Кирсьен опешил на мгновение. Воспитанный в дворянской семье, он с детства впитал определенные традиции, среди которых была одна, гласившая: принятие меча накладывает обязательства на одариваемого. Нечто подобное присяге на верность. И если после рукопожатия за столом в мансионе еще можно развернуться и отправиться восвояси, то приняв меч…
– Что смотришь, как баран на новые ворота? – нахмурилась воительница. – Бери!
– Бери, не бойся, – поддержал ее предводитель. – Мы теперь одна команда. Все поровну. И раны, и добыча. Да не бойся ты! Не заладится дружба – уйдешь. У нас никто никого не неволит. Бери, кому говорят!
Кир протянул руку и принял меч из узких ладоней Пустельги.
Осторожно вытащил из ножен. Взмахнул пару раз на пробу.
Отличный клинок. Вес – то что надо, в самый раз по руке. Баланс отличный. Не хуже тех мечей, к которым привыкли гвардейцы.
– Спасибо! – искренне улыбнувшись, сказал молодой человек.
– Сочтемся! – ухмыльнулась Пустельга.
Утренние сборы надолго не затянулись. По всему видно – отряд Кулака состоял из людей, привычных к путешествиям и легких на подъем. Да оно и верно – хочешь зарабатывать деньги наемничьим трудом, мотайся по всей Империи. Ведь сегодня заваруха у Внутреннего моря, а завтра пираты высаживаются на побережье Каматы. В начале месяца соляной бунт в Гоблане, а в конце – снова кентавры жгут поселки окраинцев. Конечно, у императора хватает войск – и тяжелая пехота, и конница, и инженерные войска с их требушетами, онаграми и баллистами. Но имперская армия – армия-освободительница, на кончиках мечей принесшая радостную и спокойную жизнь народам провинций Сасандры – барнцам и тьяльцам, каматийцам и табальцам, окраинцам и гобланцам (от чего они только бунтуют время от времени – непонятно!). Имперская армия защищает цепью фортов Окраину и южную Уннару от набегов кентавров, усмирила – не до полного истребления, но значительно обескровила – вольных дроу в горах Тумана, принудила к покорности альвов из Зеленогорья, отбила охоту совать свой нос на материк у пиратов с Халида, на веки вечные заперла в сырых лесах края Тысячи озер мерзких зеленокожих гоблинов. Издревле армейский мундир пользуется в Сасандре почетом и уважением. Не то что серые камзолы сыщиков. Поэтому командиры – от лейтенанта до генерала – не любят делать грязную работу: громить армии обиженных на слишком высокие налоги крестьян, штурмовать замки сетующих на оставшиеся в далеком прошлом вольности дворян, вырезать поселения нелюдей так, чтоб и следа богомерзких тварей не оставалось на земле. Не приведи Триединый, еще и в жестокости обвинить могут, бесчеловечности и великоимперском посягательстве на права малых народов. Уж лучше загребать жар чужими руками. Проще и спокойнее. А если местные вольнодумцы или борцы за правду из западных мелких королевств вздумают шум поднимать, всегда можно списать на неуправляемых наемников, охочих только до золота и крови. Обвинить, осудить и заплатить побольше. Не только за выполненную грязную работу, но и за ненависть толпы, за летящие порой в маршевую колонну наемников тухлые яйца и гнилые яблоки, за презрительное отношение благородного сословия. Вот и текло золото и серебро полноводными ручейками из императорской казны в карманы кондотьеров, а из-за хорошего заработка не оскудевала желающими попытать счастья в отрядах наемников земля Сасандры.

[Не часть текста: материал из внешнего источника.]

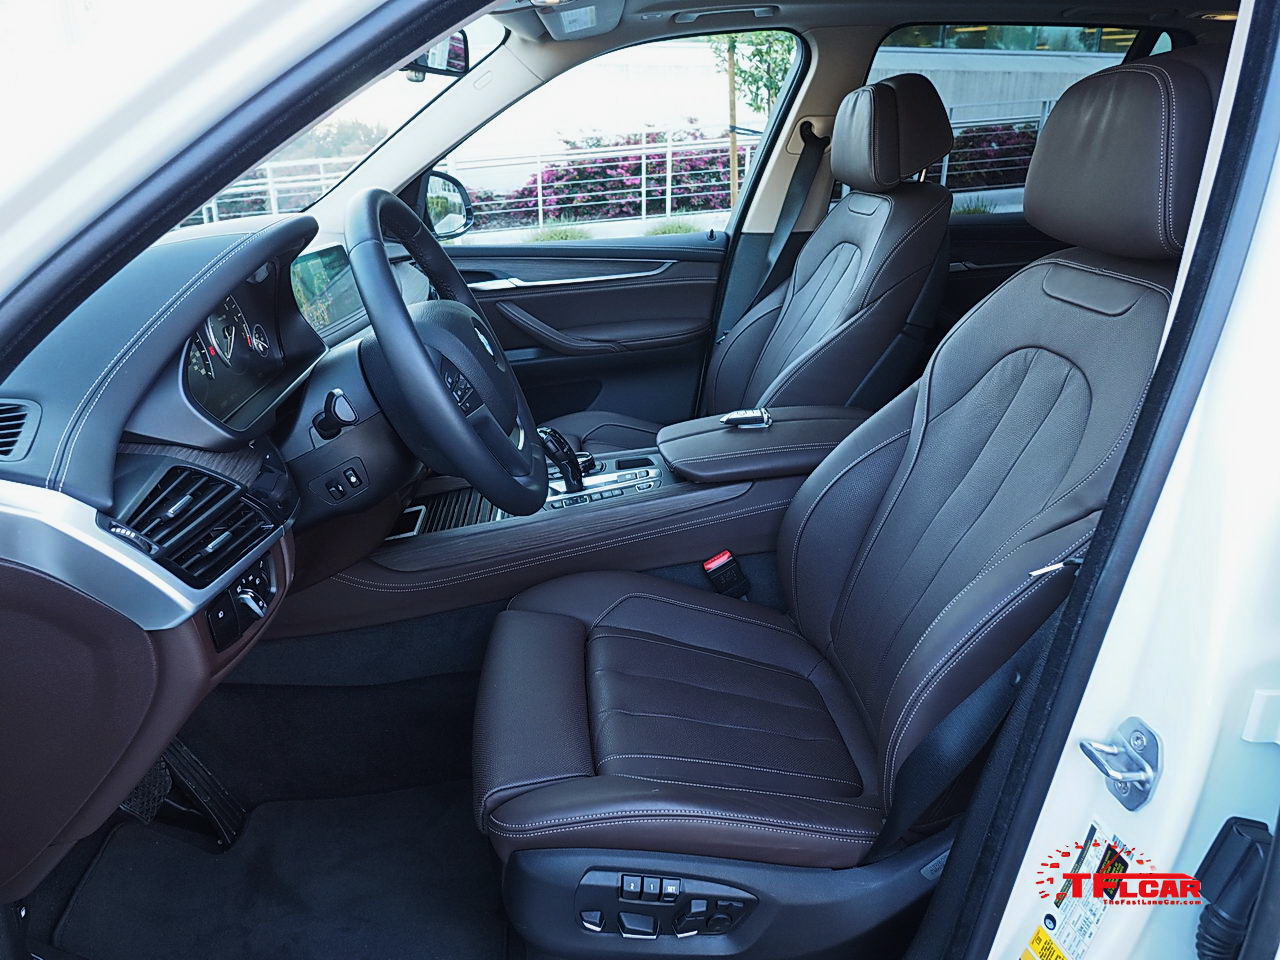 2016 BMW X5 40e front seats
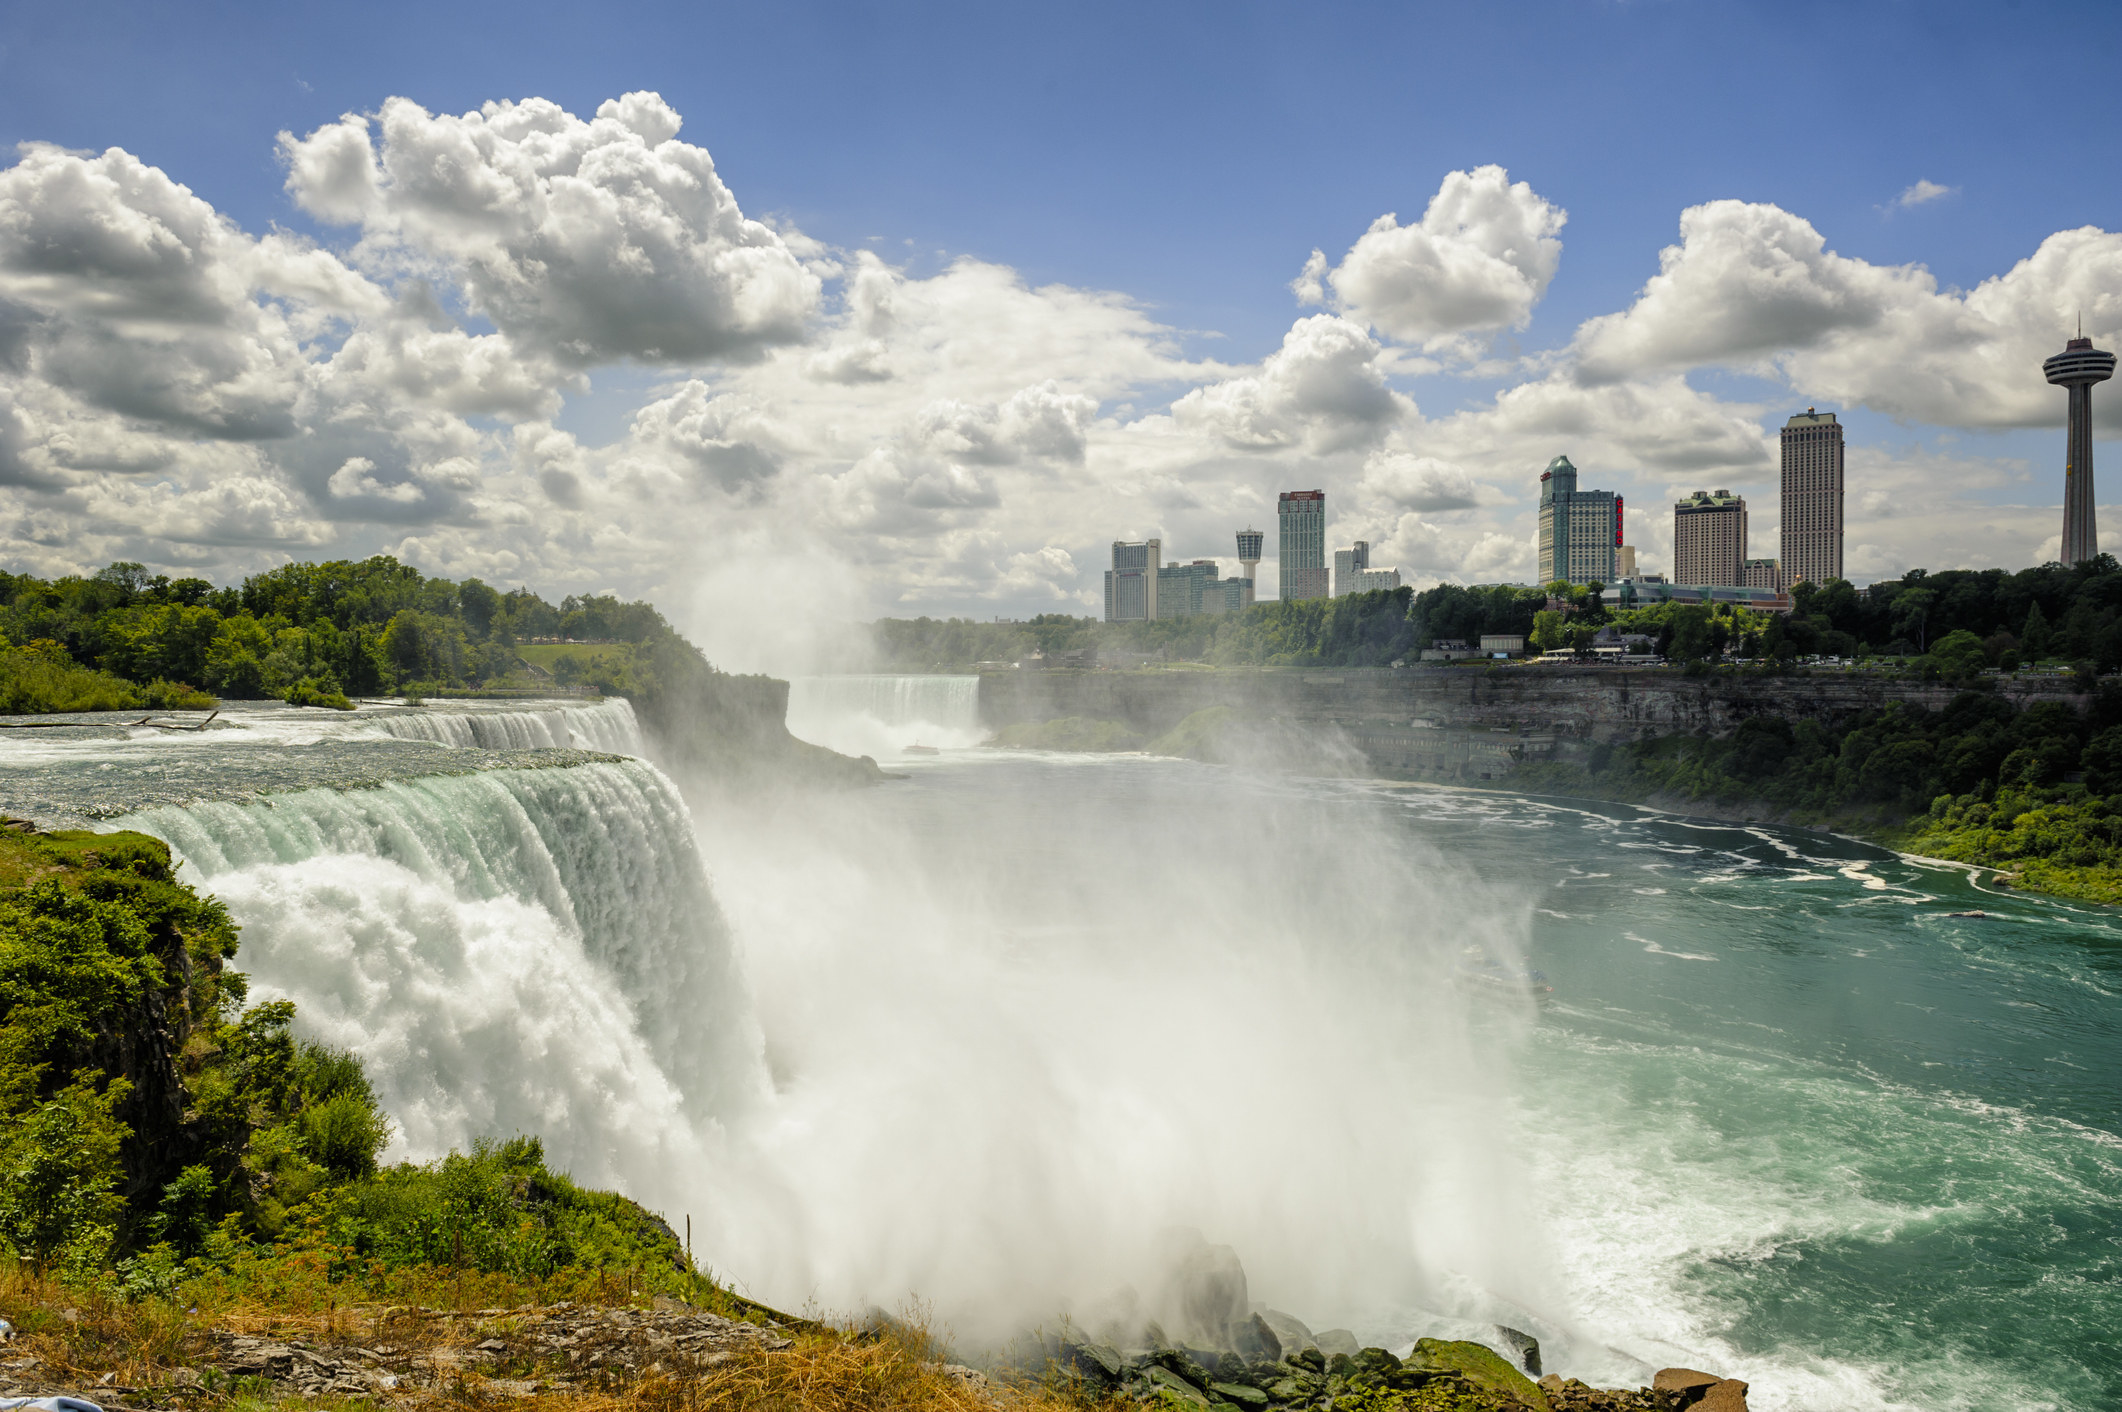 American Niagara Falls with the Niagara falls city in background.

Мешки и тюки с гнедого мерина, доставшегося Киру, перевесили на двух других вьючных лошадей. Кулак распрощался с фра Морелло, самолично вышедшим проводить денежных гостей, которые с вечера выпили и съели едва ли не половину его запасов, а заплатили в полтора раза больше обычной цены (даже за безнадежно испорченную метлу), и скомандовал выдвигаться.
Ход у гнедого оказался мягким и размеренным. Даже на вьючном седле Кирсьен не чувствовал неудобства. Пробегающие мимо яблоневые, не так давно отцветшие сады и лоскуты полей, весело зеленеющих яровой пшеницей, овсом, ячменем, не баловали особым разнообразием, и молодой человек вновь вернулся к засевшей под черепом со вчерашнего вечера мысли. То самое смутное беспокойство, посетившее его еще до встречи с наемниками и ссоры с Мелким. Что? Что он увидел, услышал и почувствовал? Что могло дать ключ к некой загадке?
Немытые, запуганные артельщики? Точно нет.
Выпускник Аксамалианского императорского университета точных наук? Напомнил о студентах, из-за которых вся жизнь наперекосяк пошла? Да нет… Вряд ли.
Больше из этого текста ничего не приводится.